Ohne Wirtschaftswachstum bröckelt die Demokratie, erklärt die Ökonomin Nicola Fuchs-Schündeln im taz-Interview. Und Deutschland steckt seit drei Jahren in der Rezession. Was tun? Vor allem Frauen können immer noch nicht ihr volles Potential auf dem Arbeitsmarkt ausschöpfen, meint Fuchs-Schündelin: "Wenn Frauen anfangen, mehr zu verdienen als ihre Männer, dann machen sie wieder mehr Hausarbeit, um das zu kompensieren. Sie wissen um die Kosten und reagieren darauf. Das findet man in den USA und in Westdeutschland. In Ostdeutschland trifft es nicht zu. Das ist auch ein Grund, warum viel mehr Frauen als Männer Beförderungen ablehnen. Sie wissen, dass das für sie risikoreicher und mit mehr Kosten verbunden ist. Es gibt sehr viele talentierte Frauen, die ihre Fähigkeiten nicht entsprechend in den Arbeitsmarkt einbringen. Das ist schlecht für das Wirtschaftswachstum und sollte der Regierung nicht egal sein."

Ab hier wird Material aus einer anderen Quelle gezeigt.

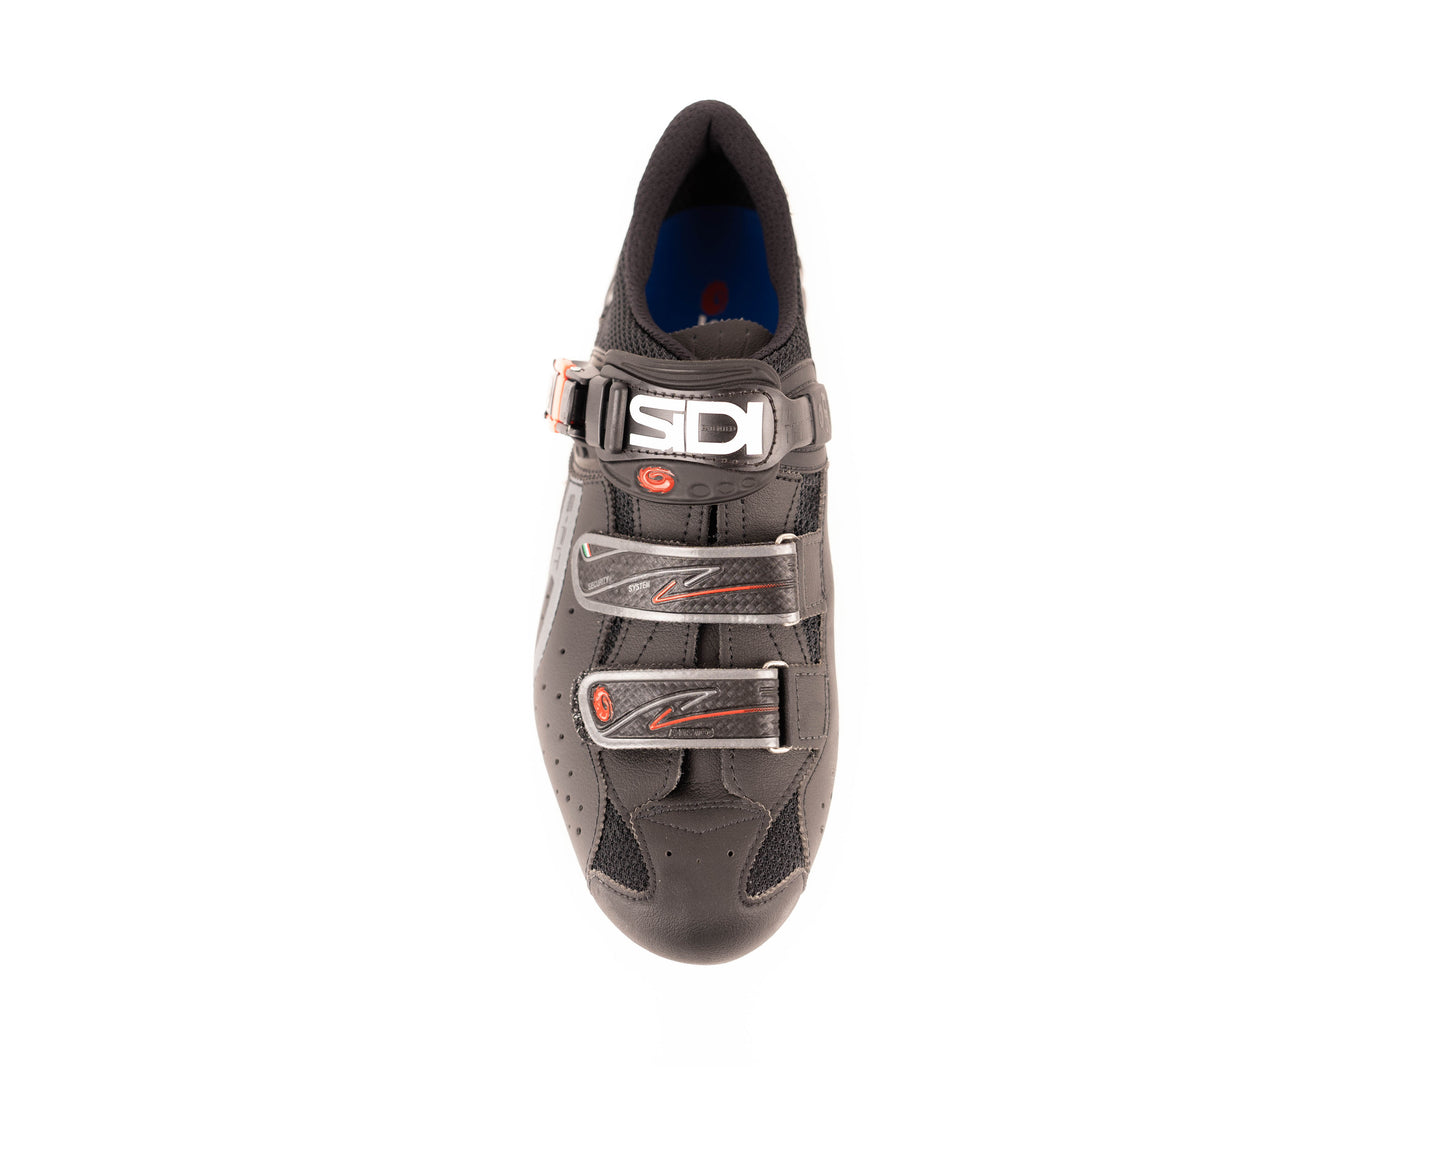 Sidi Dominator Fit Shoe Black 44 Right ONLY

Wenn postkoloniale Bewegungen von Rassismus sprechen, dann wird Antisemitismus häufig ausgeklammert. Denn "Jüdinnen und Juden werden zunehmend als 'weiß' oder weißen Herrschaftsinteressen dienlich identifiziert", erklärt Uwe Mattheiß in der taz, der sich die Ausstellung "Schwarze Juden, weiße Juden?" im Jüdischen Museum in Wien angesehen hat. Die möchte genau mit diesem Irrtum aufräumen: "'Include Jews In Your Activism', fordert die Künstlerin Hannah Michelle Provisor in einer Illustration der Ausstellung, verweist auf die Diversität jüdischer Identitäten und fordert, Erfahrungen von 'Jews of Color' im intersektionalen Diskurs über Diskriminierungstatbestände mit einzubeziehen. Die Chancen dafür stehen ausgesprochen schlecht. Aktivist:innen der 'Black Lives Matter'-Demonstrationen von 2020 finden sich heute vielfach an der Spitze 'propalästinensischer' Demonstrationen. Ungeachtet des weltweiten Anstiegs antisemitischer Übergriffe nach dem 7. Oktober erklärt eine vorherrschende theoretische Begründung von antirassistischem Aktivismus die in der Schoah gipfelnde jüdische Verfolgungsgeschichte für vergangen."